The Razr Plus 2024 steps up the experience considerably. It keeps the same design language and build quality but pushes further in nearly every direction. The cover screen grows to 4.0 inches, making it genuinely usable for notifications and quick tasks. The internal display remains 6.9 inches but now refreshes at 165Hz instead of 120Hz, a noticeable smoothness upgrade. Performance jumps to a Qualcomm Snapdragon 8s Gen 3 with 12GB of RAM, putting it in conversation with flagship phones. Battery life takes a slight hit compared to the standard model, but the phone compensates with 45W fast charging that gets you back to full capacity quickly.

What makes these deals noteworthy is their timing and specificity. Black Friday discounts on foldables are rare enough; record-low prices rarer still. But Motorola has limited the deepest cuts to particular color options, a strategy that creates urgency and manages inventory. If you've been curious about foldables but balked at Samsung's pricing, this window won't stay open long. The company itself is signaling that these savings are temporary, tied to the Black Friday window. Once the promotional period closes, expect prices to climb back toward normal. For anyone on the fence about whether a flip phone makes sense for their pocket and their budget, the math has shifted.
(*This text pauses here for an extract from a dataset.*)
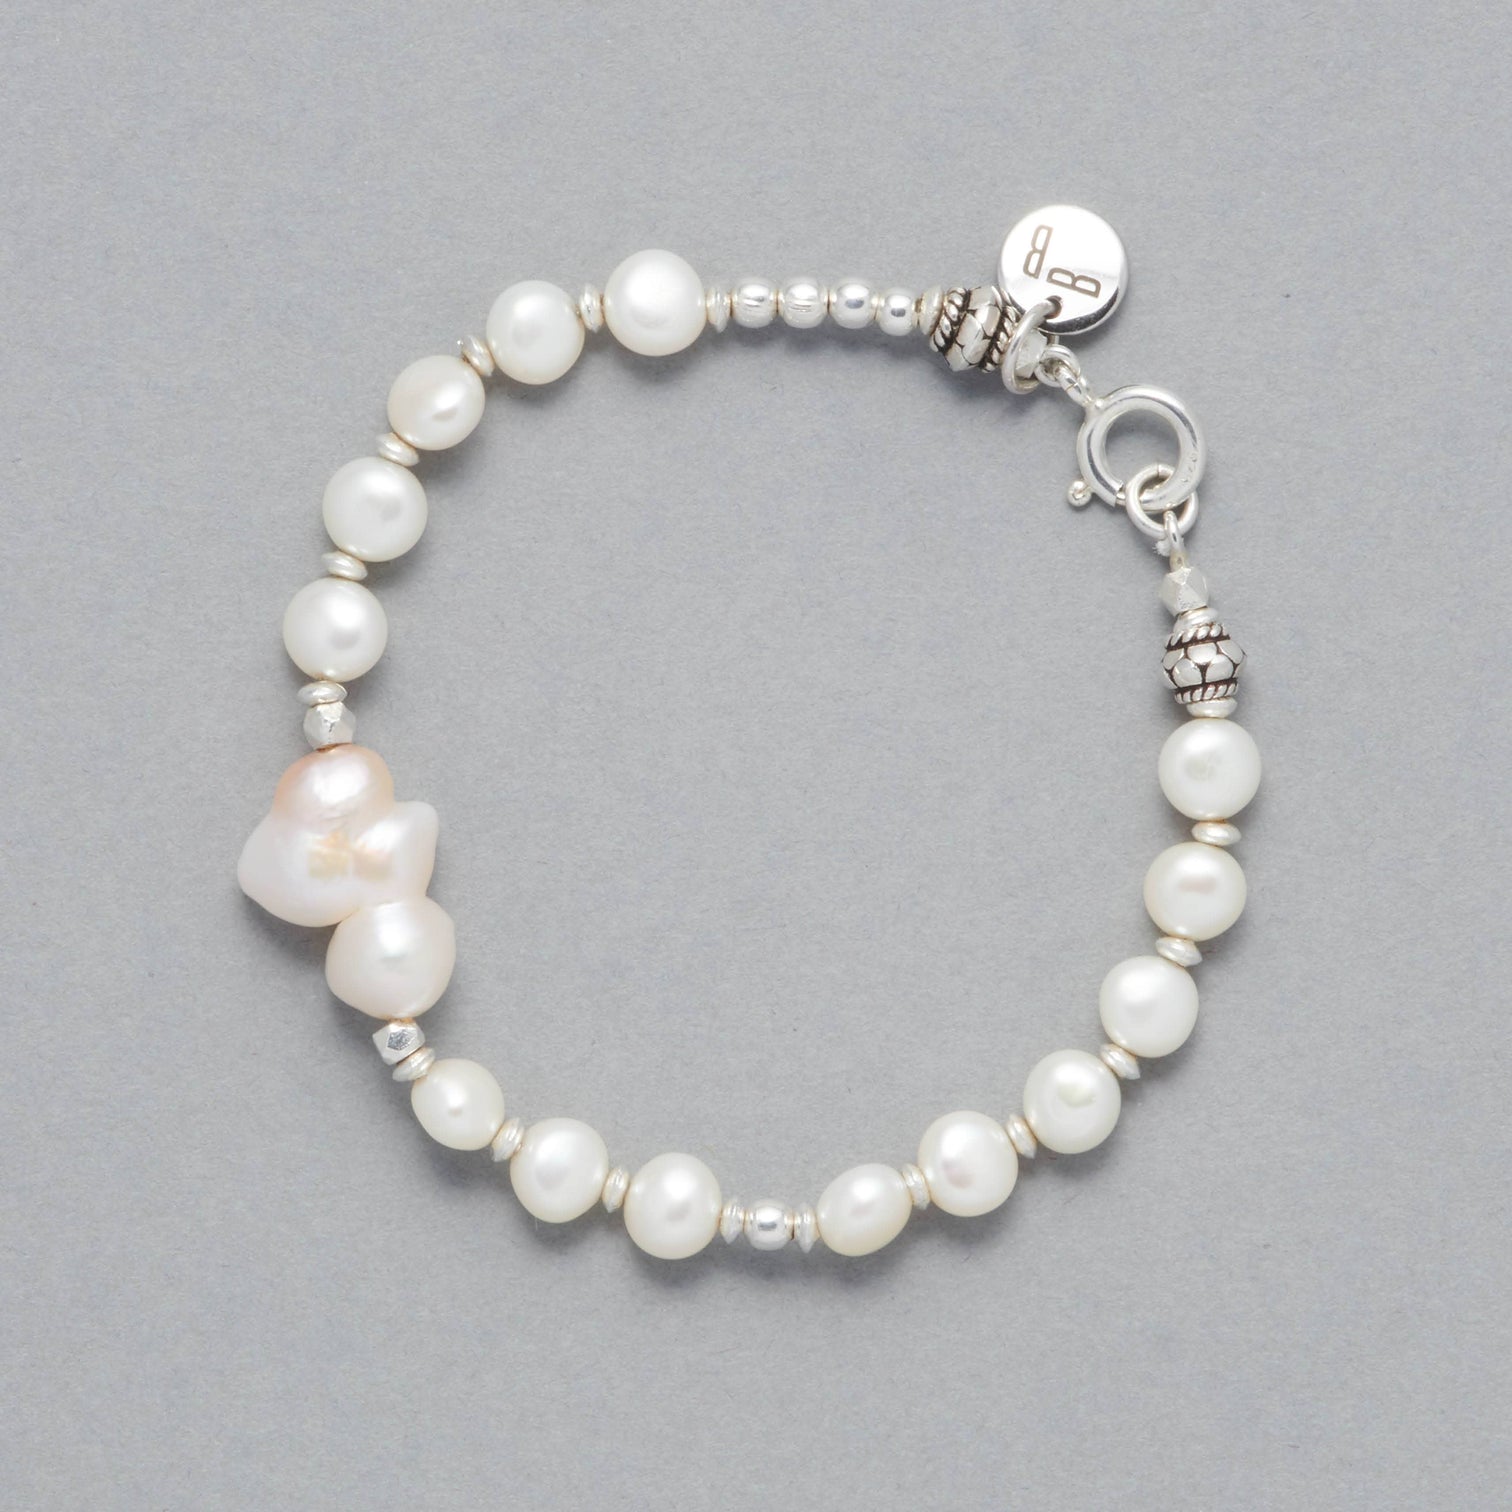 Product Shot the BIANCA Bracelet made with Cultured Freshwater White Pearls and Silver Sterling Elements. As a center-piece there is a beautiful Baroque White Pearl that is shaped like a cloud. 
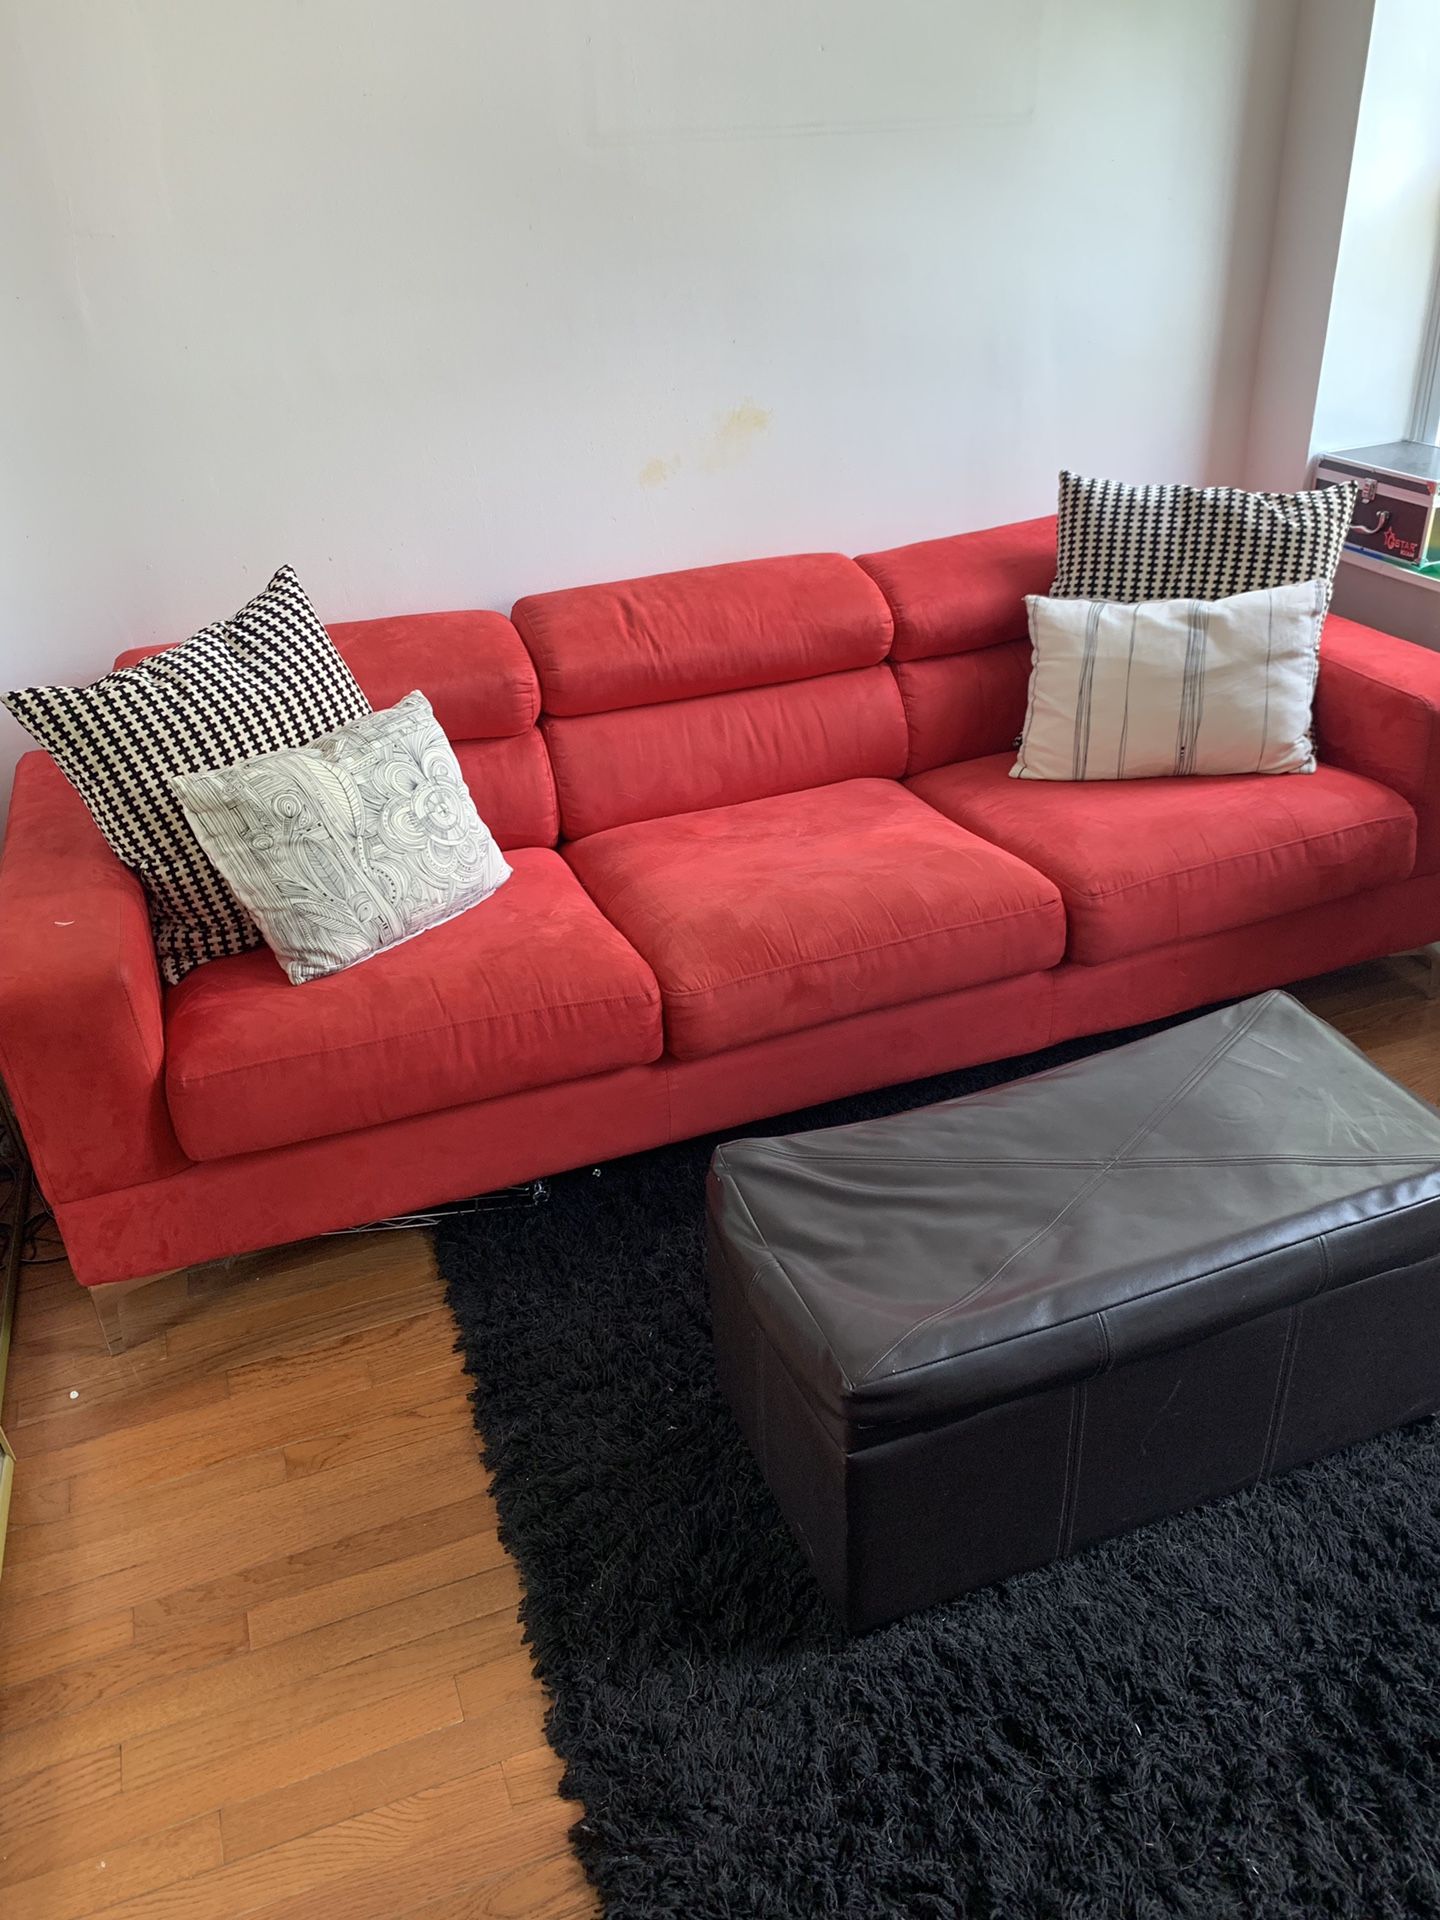 Ashley Furniture Red Couch and Ottoman + Rug

These are record-low prices and only specific colors are this heavily discounted. We don't think these savings will last long.
— Android Authority
A Conversa do Hearth Outra perspectiva sobre a história
Inventor

Why does the color matter so much here? Why not just discount all of them equally?

Model

It's partly inventory management—they probably have more stock in certain colors—but it's also psychology. By making Spritz Orange and Spring Green the deepest discounts, they create a reason to act now. If every color was equally cheap, there's no urgency.

Inventor

Is the Razr 2024 actually good, or is it just cheap?

Model

It's genuinely solid at $424. The 3.6-inch cover screen is the real story—the old one was basically unusable. At this price, you're getting a phone that folds, fits in a pocket, and doesn't feel like a compromise.

Inventor

What's the gap between the standard and the Plus?

Model

The Plus is for someone who wants the foldable experience to feel less like a budget phone. Better processor, smoother screen, bigger cover display. If you use your phone heavily, it's worth the extra $325.

Inventor

Will these prices come back after Black Friday?

Model

Almost certainly not at these levels. Motorola is being explicit about this being temporary. Once the promotional period ends, you're looking at full or near-full pricing again.

Inventor

Who should actually buy one of these?

Model

Anyone who wants a foldable but couldn't justify Samsung's prices. Also people with small pockets or who just like the novelty of closing a phone. The water resistance is a nice surprise—it means you're not buying a fragile toy.